▸ Data below

######

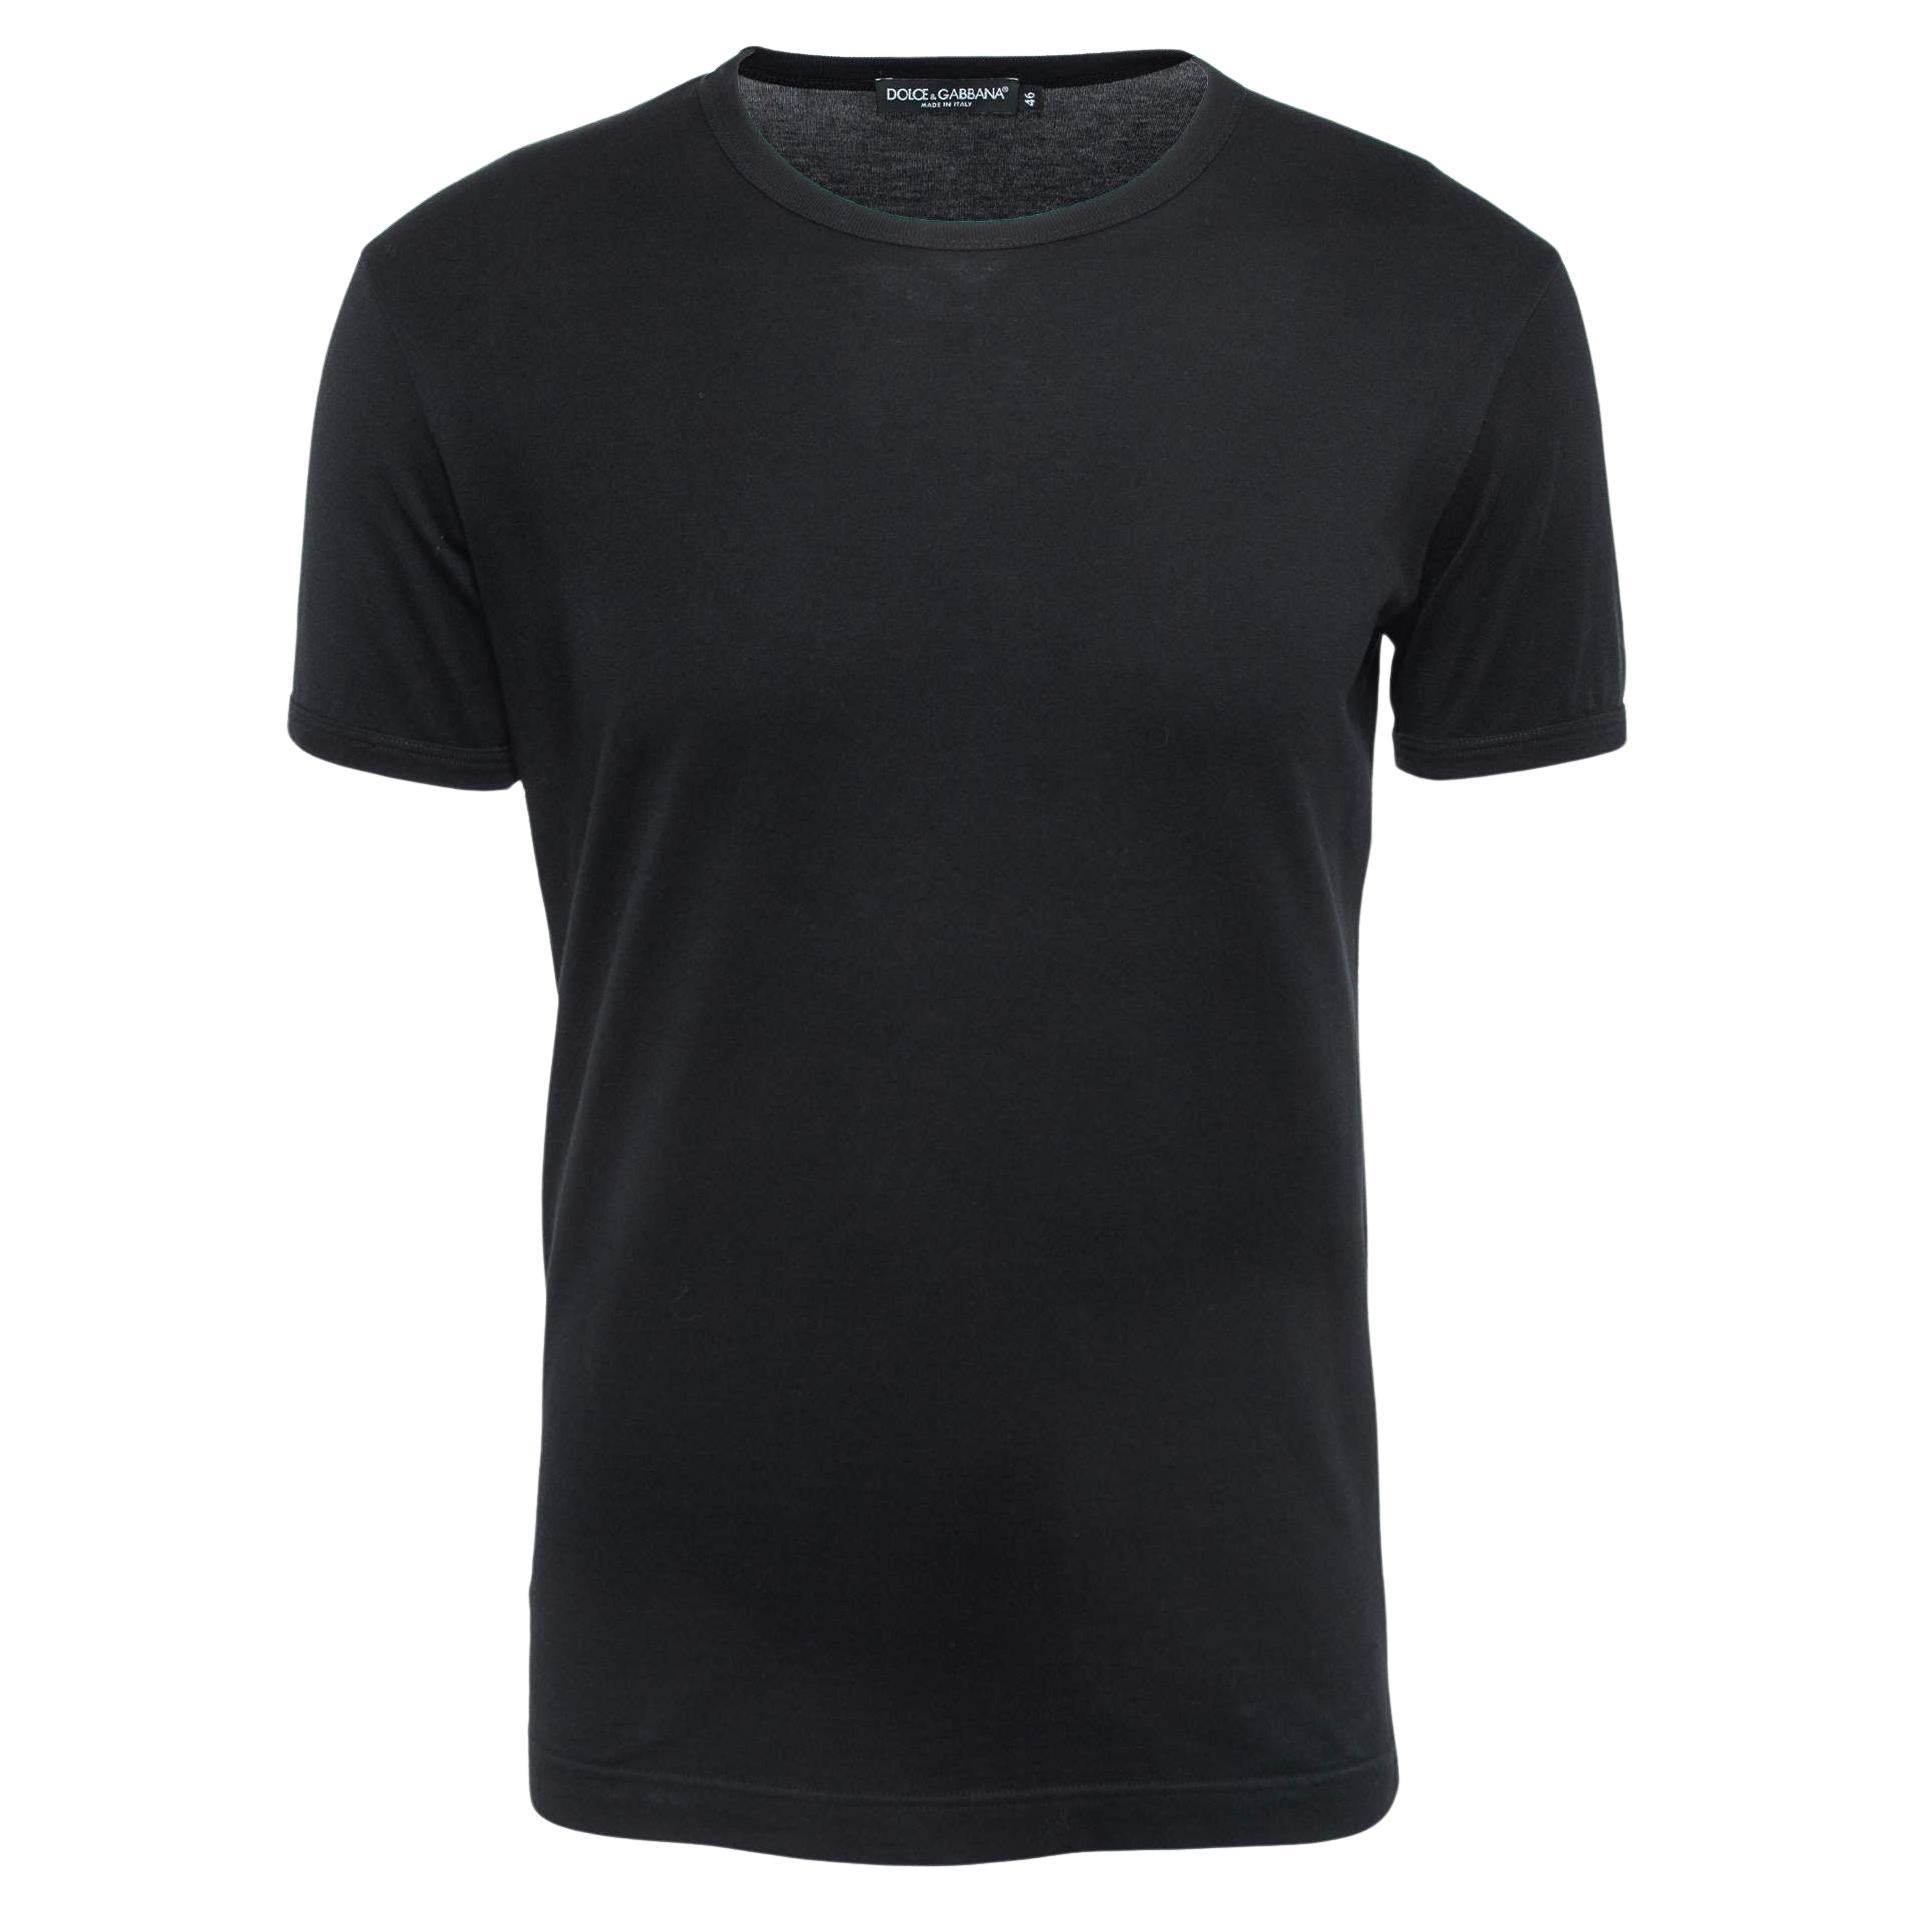 Dolce & Gabbana Black Cotton Crew Neck Half Sleeve T-Shirt S For Sale
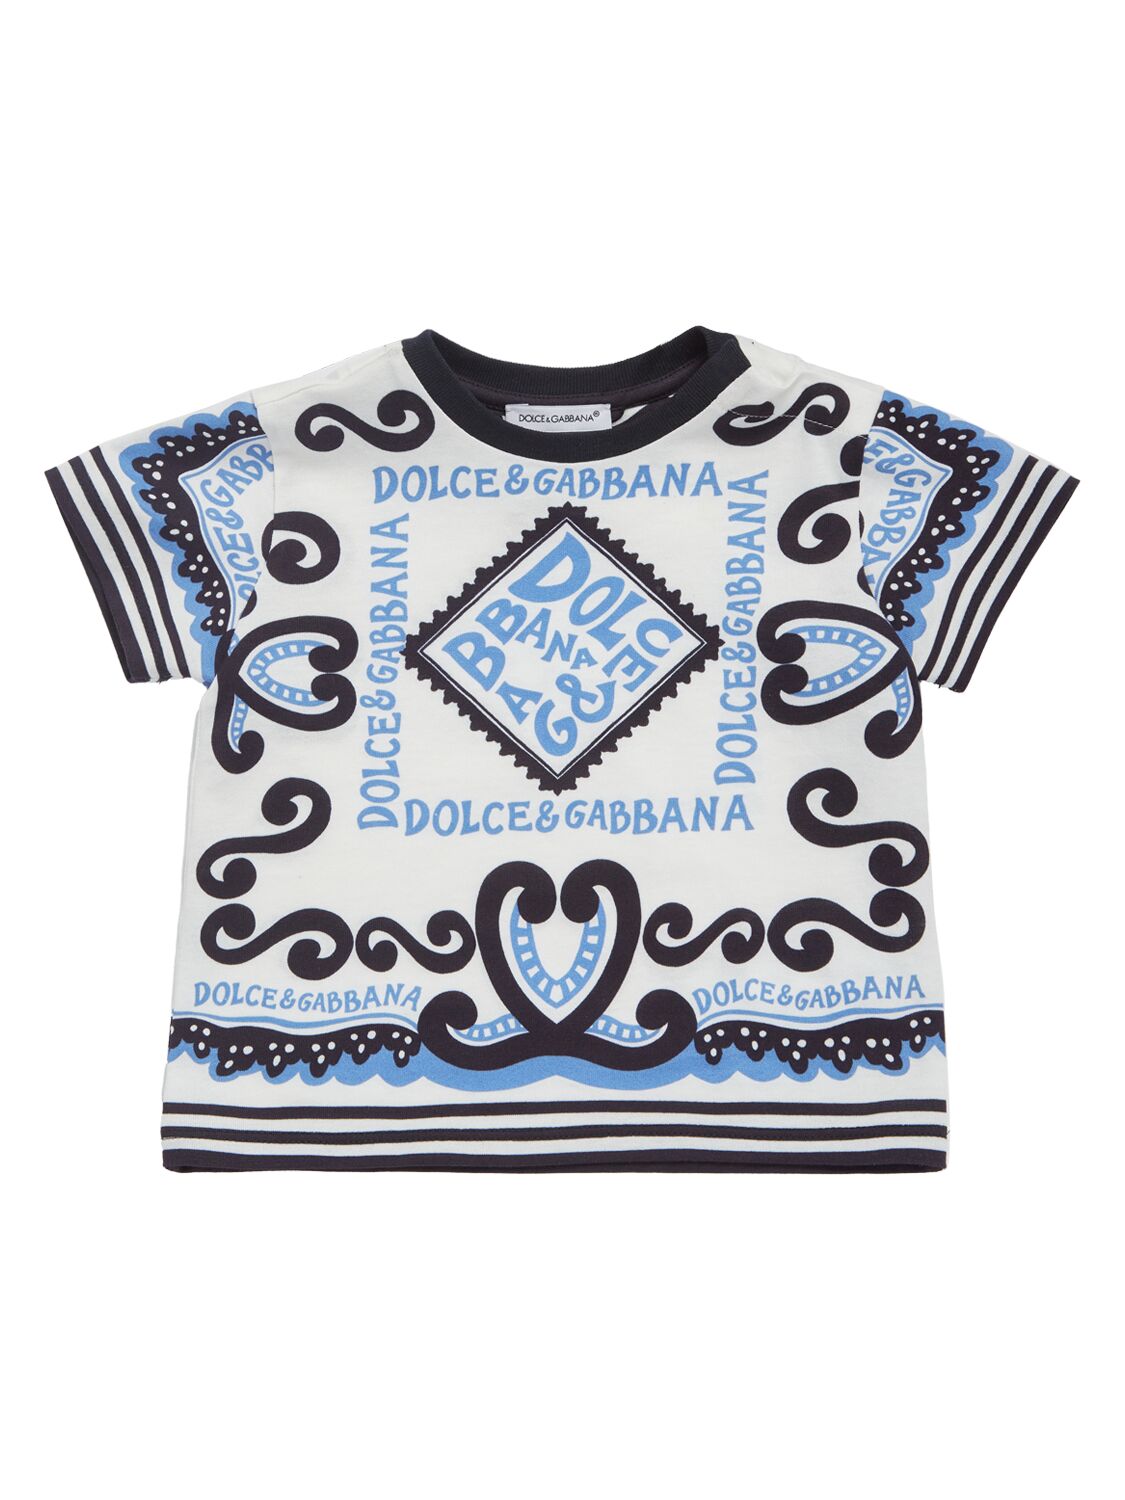 Dolce & Gabbana Kids' Bedrucktes T-shirt Aus Baumwolljersey In Weiss,blau
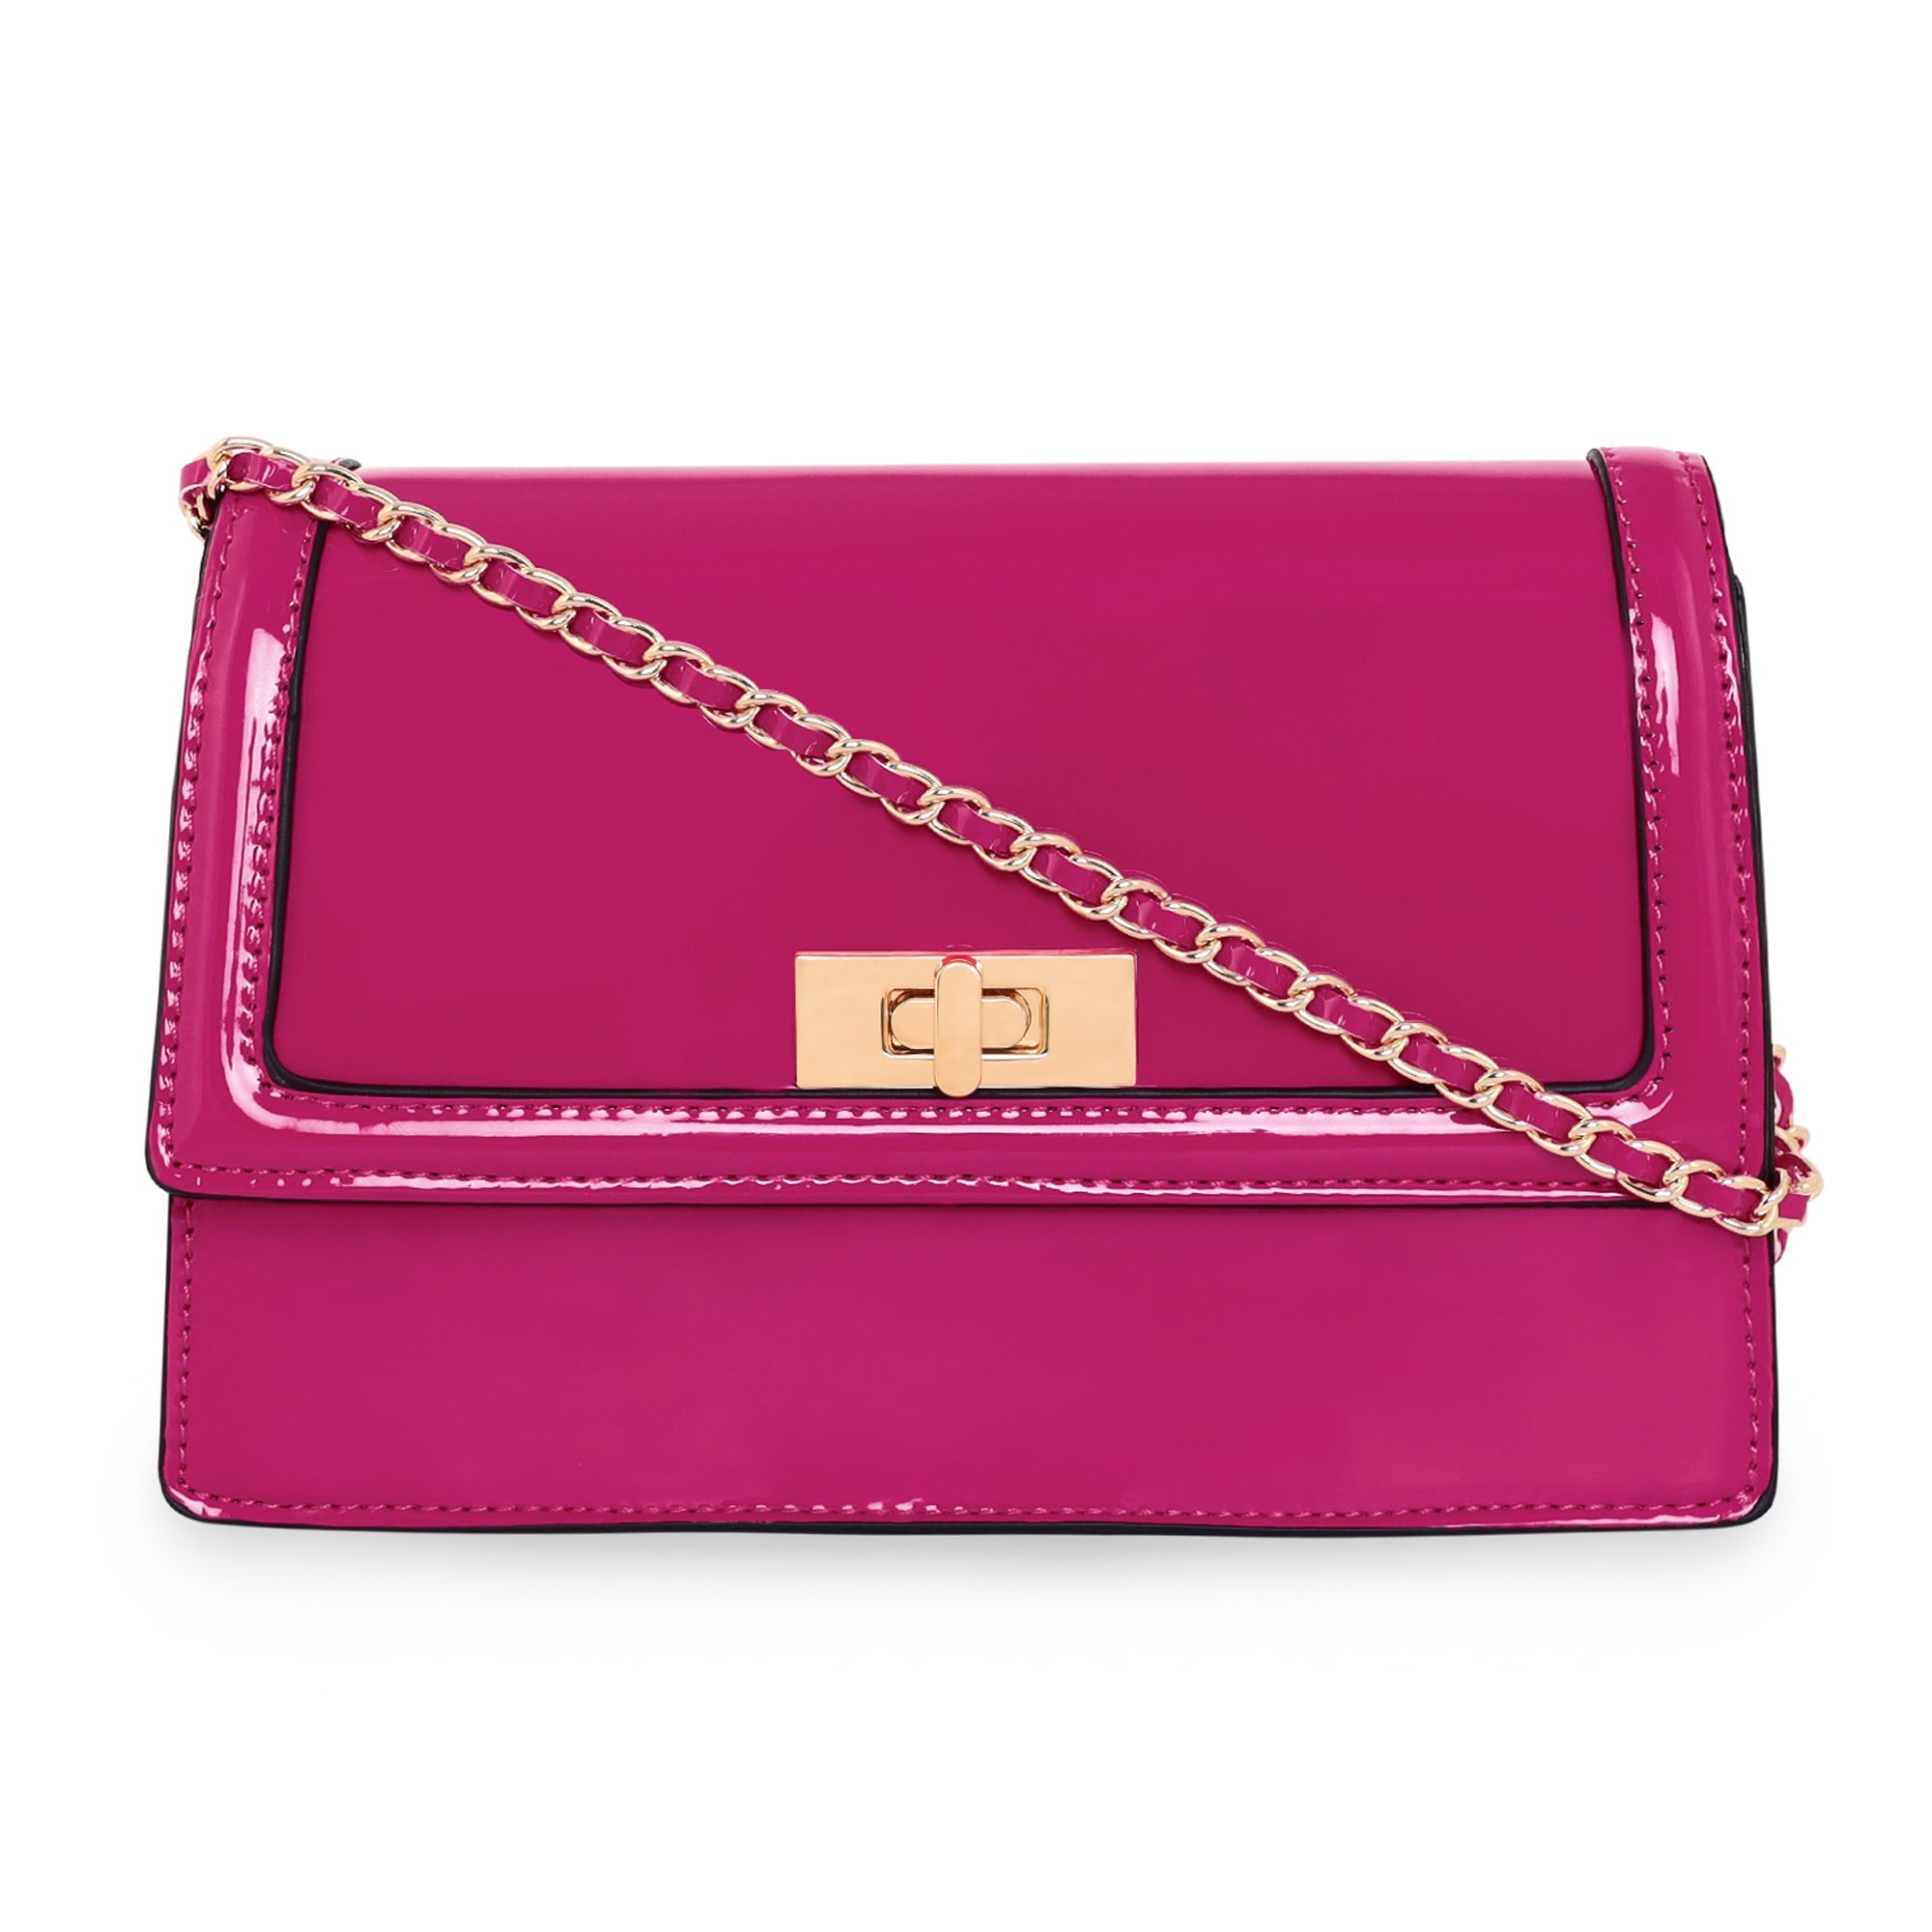 Accessorize London Women's Amelia Patent Pink Sling Bag

######

▸ Exercise prompt
With the pictures left out, return all the material above exactly.

▸ Result of this exercise
 Dolce & Gabbana Black Cotton Crew Neck Half Sleeve T-Shirt S For Sale
 Dolce & Gabbana Kids' Bedrucktes T-shirt Aus Baumwolljersey In Weiss,blau
 Accessorize London Women's Amelia Patent Pink Sling Bag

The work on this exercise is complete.